Com a Beija-Flor, a Globo ganhou um “enredo social” pra chamar de seu: politicamente bem comportado, com referências genéricas à corrupção e à impunidade, uma leitura mais senso comum e conservadora da crise brasileira. Mas é preciso ler mais além do discurso direto, e entender que a vitória da Beija-Flor reforça o sentido de politização, que marca a retomada do desfile das Escolas de Samba enquanto espaço de apresentação e crítica dos grandes temas nacionais. E o carnaval da Sapucaí é arte, espetáculo, onde a linguagem é tão mais importante do que a mensagem. Neste sentido, é preciso entender e aprender com a Beija-Flor, que está sempre trazendo inovações estéticas importantes para o carnaval. Nos últimos anos tem aprofundado a teatralização do desfile, investindo na performatividade dos componentes, nos carros e nas alas. A maior parte das escolas já faz isso em comissão de frente ou alas. Mas roteirizar um desfile inteiro, como fez a escola este ano, é uma reinvenção da ópera carnavalesca de importante dimensão. O samba-enredo da Beija-Flor estava lindo, e o espetáculo do povo, invadindo a pista no final do desfile, foi apoteótico.

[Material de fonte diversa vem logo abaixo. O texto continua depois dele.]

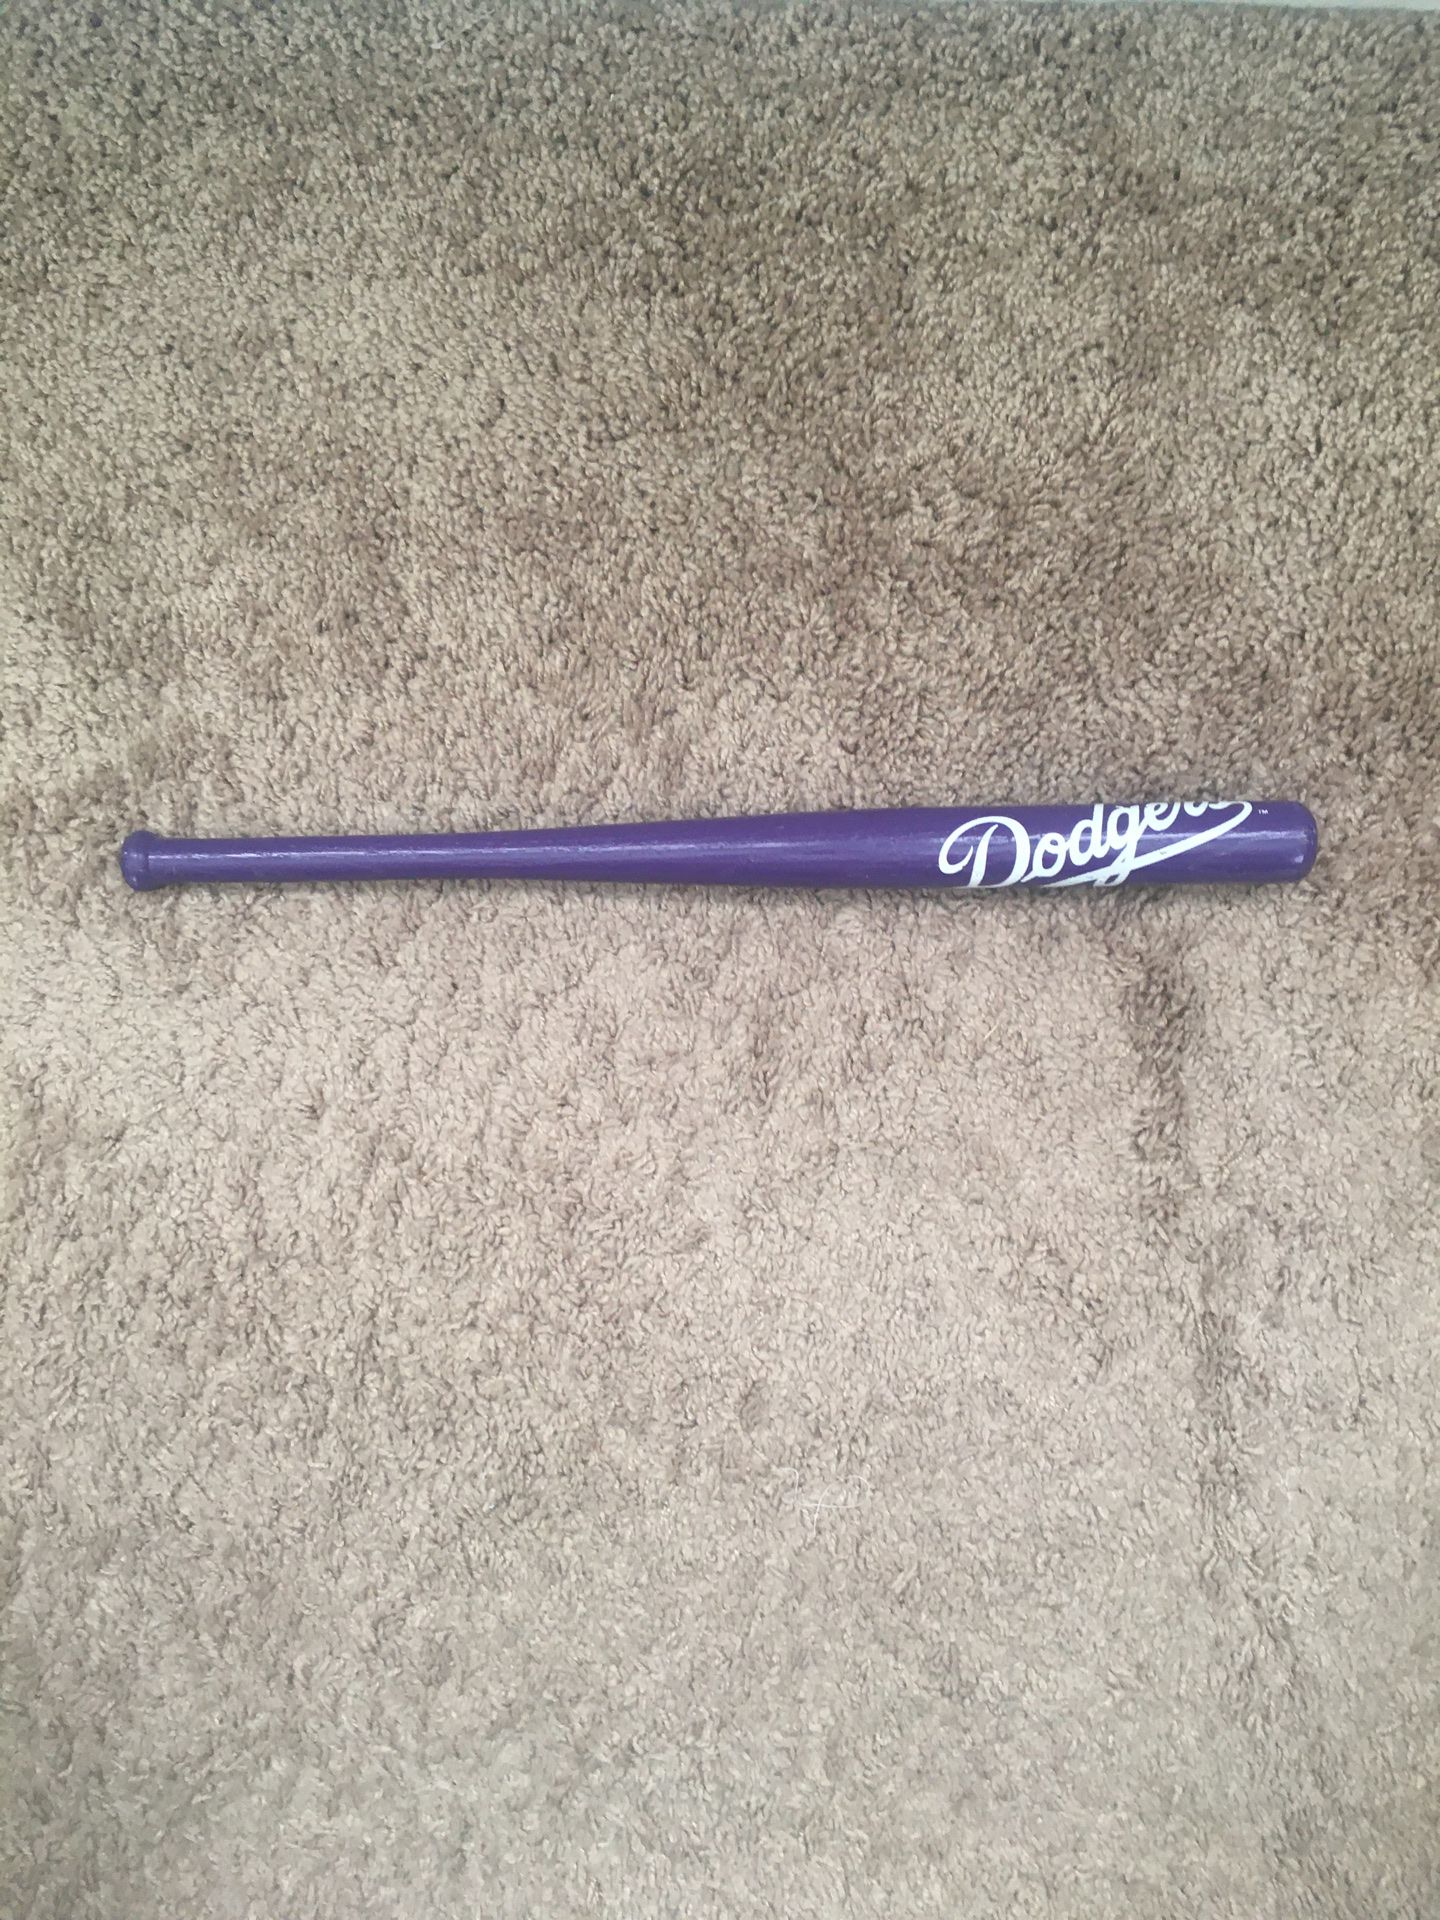 Dodgers baseball bat

Querer criar um conflito ou apontar as contradições entre Beija-Flor e Tuiuti é pouco inteligente e estratégico, nesse momento. Melhor celebrar, na vitória de ambas, a retomada de um sentido mais político e inteligente para os enredos de Escola de Samba. Comemorar o fato de que o desfile da Sapucaí volta a ser uma arena do comum, do debate público, trazendo à tona as questões políticas e sociais do país. Foram anos de enredos patrocinados, feitos sob encomenda, com temas que iam da floração do maracujá à homenagens de pouca relevância, e por maior que fosse o esforço criativo dos carnavalescos, não despertavam o interesse nem o debate público. Esse ano, as Escolas de Samba voltaram a ser assunto, chamando a atenção da sociedade e, essa sim, é a maior vitória do carnaval de 2018.
Por fim, existe a politização do carnaval, como tema e narrativa, mas existe, também, a política do carnaval, e essa, muitas vezes, não tem nada a ver com as narrativas importantes trazidas nos desfiles: as disputas de poder, as tenebrosas transações, os títulos combinados, as relações perigosas com governantes, contraventores, traficantes, milicianos, etc. Tudo isso continua a existir. Carnaval tem que ser visto como política pública e a sociedade civil organizada pode e deve ter um papel mais ativo de presença, participação e controle social em torno do espetáculo carnavalesco. A esquerda, equivocadamente, tem desprezado por muitos anos o carnaval enquanto espaço de disputa de narrativa e de base social. Espero que o carnaval de 2018 faça rever essa postura e entender que é preciso disputar o carnaval por dentro, na sua estrutura, organização, forma e conteúdo. Se não o fizermos, em termos de cultura, vamos continuar matando amanhã o inimigo que morreu ontem.